Differential Revision: D60628732

Pulled By: xuzhao9

fbshipit-source-id: 7a5a313e871311f2d1c0eadcf125128ccd407743
---
 .../canary_models/llama_v31_8b/__init__.py       | 16 ++++++++++++++++
 .../canary_models/llama_v31_8b/install.py        |  6 ++++++
 .../canary_models/llama_v31_8b/metadata.yaml     | 12 ++++++++++++
 .../util/framework/huggingface/basic_configs.py  |  6 ++++++
 4 files changed, 40 insertions(+)
 create mode 100644 torchbenchmark/canary_models/llama_v31_8b/__init__.py
 create mode 100644 torchbenchmark/canary_models/llama_v31_8b/install.py
 create mode 100644 torchbenchmark/canary_models/llama_v31_8b/metadata.yaml

diff --git a/torchbenchmark/canary_models/llama_v31_8b/__init__.py b/torchbenchmark/canary_models/llama_v31_8b/__init__.py
new file mode 100644
index 0000000000..169fbabf7f
--- /dev/null
+++ b/torchbenchmark/canary_models/llama_v31_8b/__init__.py
@@ -0,0 +1,16 @@
+from torchbenchmark.tasks import NLP
+from torchbenchmark.util.framework.huggingface.model_factory import HuggingFaceModel, HuggingFaceAuthMixin
+
+class Model(HuggingFaceModel, HuggingFaceAuthMixin):
+    task = NLP.LANGUAGE_MODELING
+    DEFAULT_TRAIN_BSIZE = 1
+    DEFAULT_EVAL_BSIZE = 1
+    DEEPCOPY = False 
+
+    def __init__(self, test, device, batch_size=None, extra_args=[]):
+        HuggingFaceAuthMixin.__init__(self)
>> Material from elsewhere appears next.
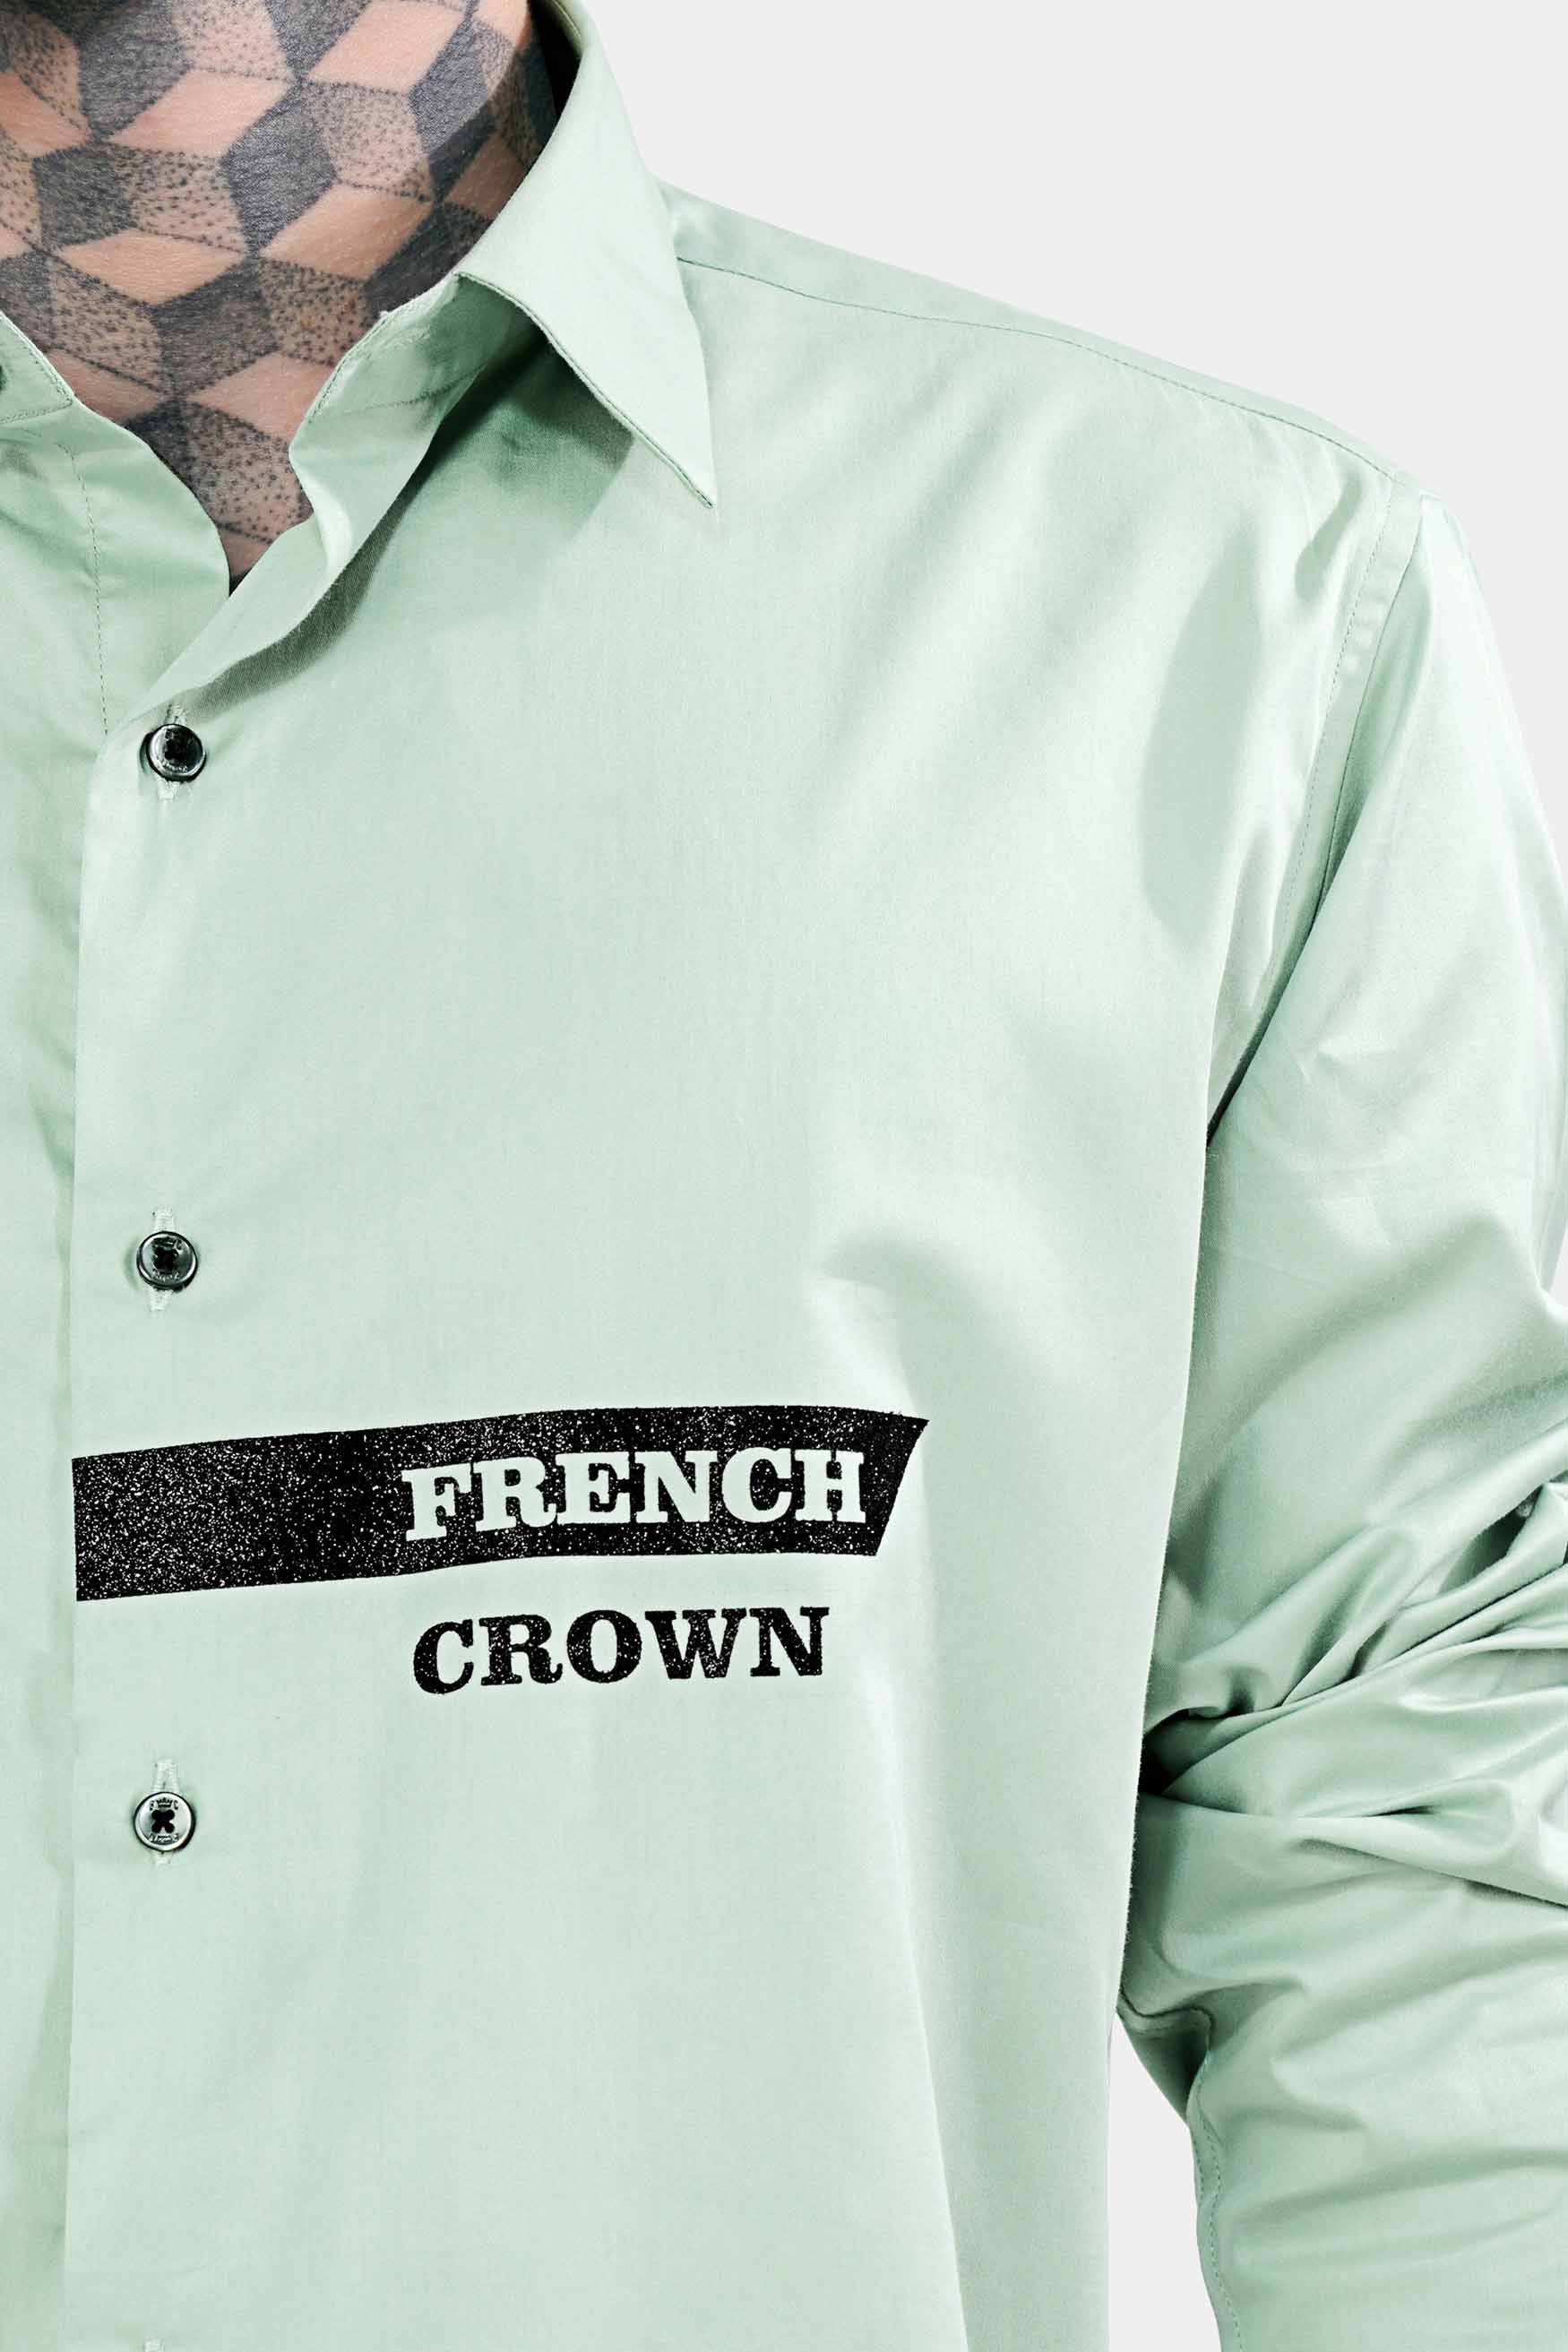 Sprout Green French Crown Foil Printed Subtle Sheen Super Soft Premium Cotton Designer Shirt 11425-BLK-RPRT107-38, 11425-BLK-RPRT107-H-38, 11425-BLK-RPRT107-39, 11425-BLK-RPRT107-H-39, 11425-BLK-RPRT107-40, 11425-BLK-RPRT107-H-40, 11425-BLK-RPRT107-42, 11425-BLK-RPRT107-H-42, 11425-BLK-RPRT107-44, 11425-BLK-RPRT107-H-44, 11425-BLK-RPRT107-46, 11425-BLK-RPRT107-H-46, 11425-BLK-RPRT107-48, 11425-BLK-RPRT107-H-48, 11425-BLK-RPRT107-50, 11425-BLK-RPRT107-H-50, 11425-BLK-RPRT107-52, 11425-BLK-RPRT107-H-52

+        super().__init__(name="llama_v31_8b", test=test, device=device, batch_size=batch_size, extra_args=extra_args)
+
+  
+    def train(self):
+        return NotImplementedError("FSDP should implement a training loop")
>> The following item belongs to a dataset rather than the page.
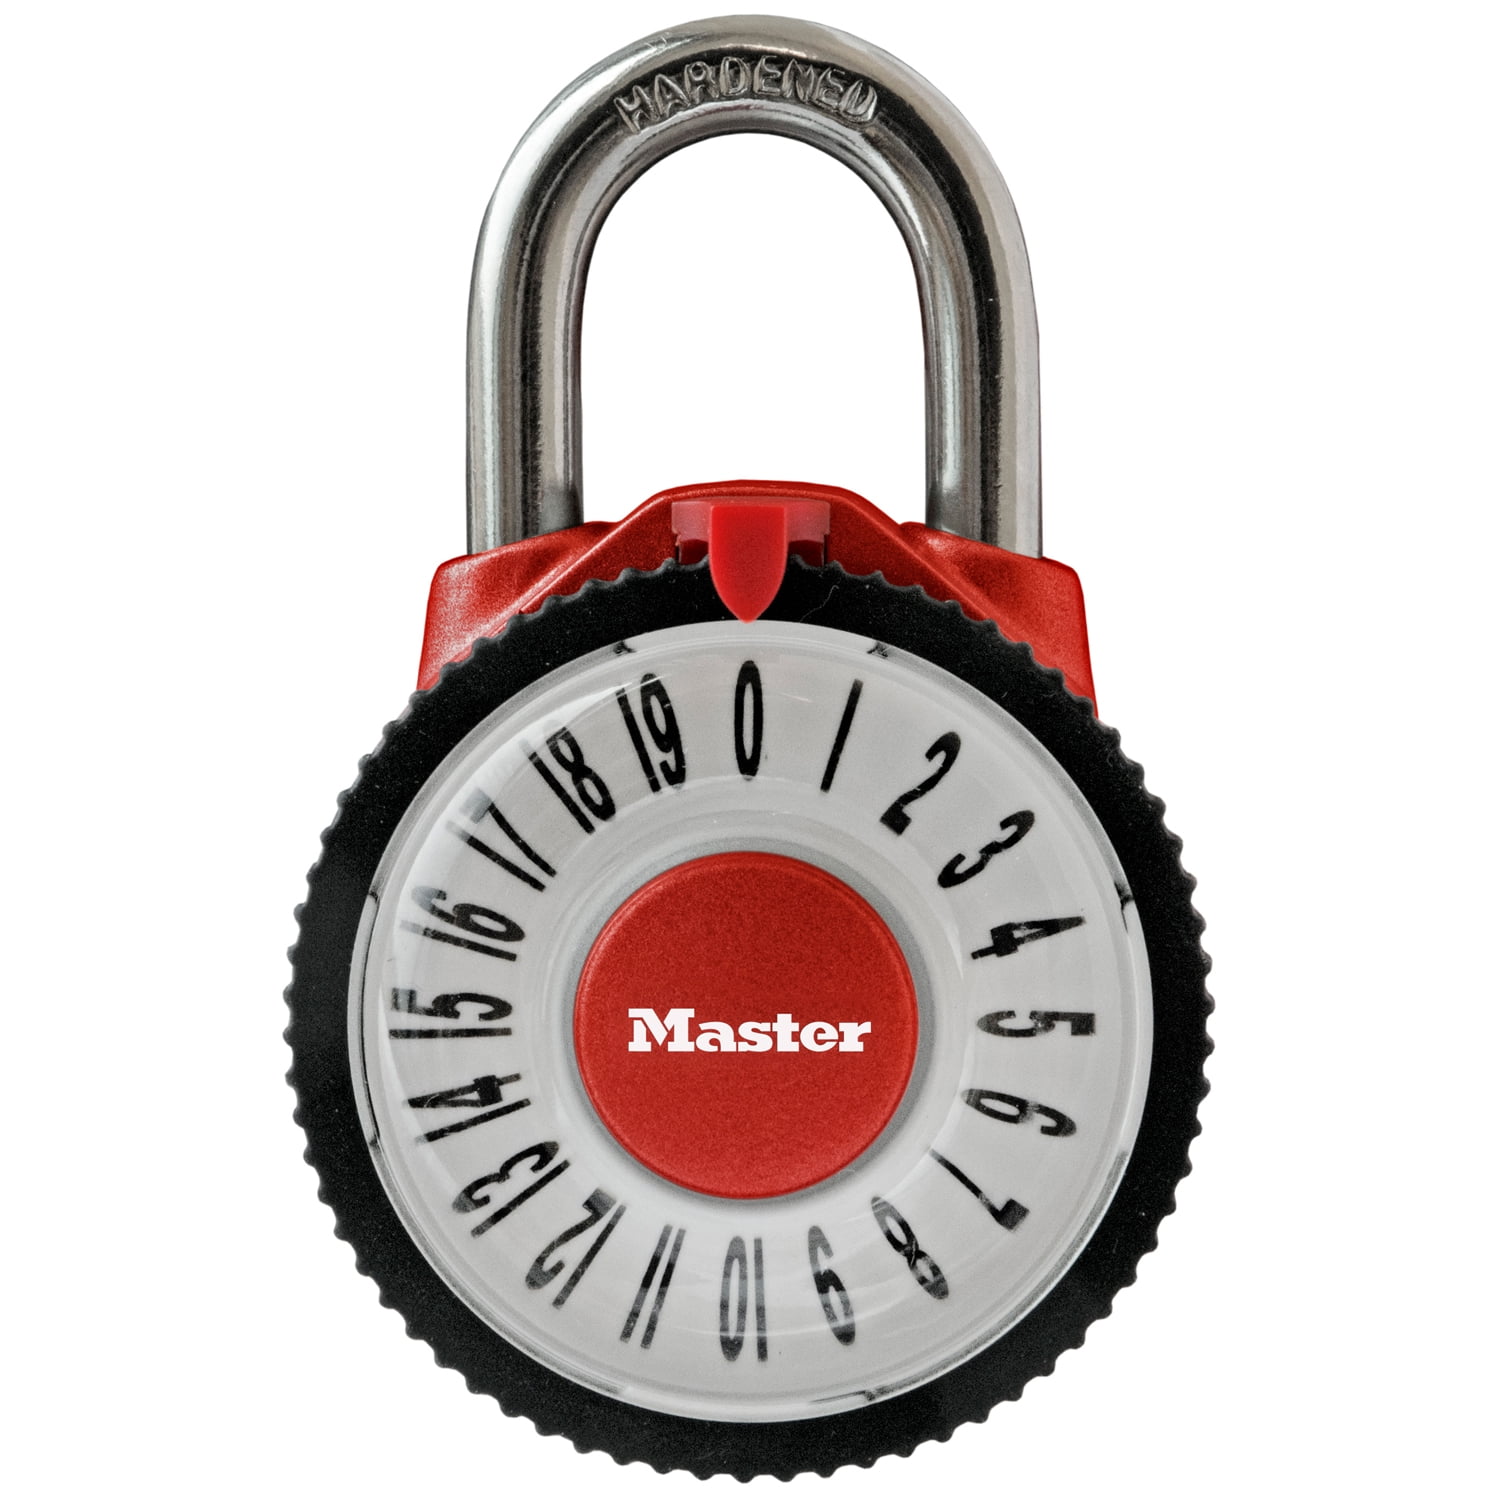 Master Lock 1530DCM Combination Padlock 1 Pack Assorted Colors

diff --git a/torchbenchmark/canary_models/llama_v31_8b/install.py b/torchbenchmark/canary_models/llama_v31_8b/install.py
new file mode 100644
index 0000000000..959c48a541
--- /dev/null
+++ b/torchbenchmark/canary_models/llama_v31_8b/install.py
@@ -0,0 +1,6 @@
+import os
+from torchbenchmark.util.framework.huggingface.patch_hf import cache_model
+
+if __name__ == "__main__":
+    model_name = os.path.basename(os.path.dirname(os.path.abspath(__file__)))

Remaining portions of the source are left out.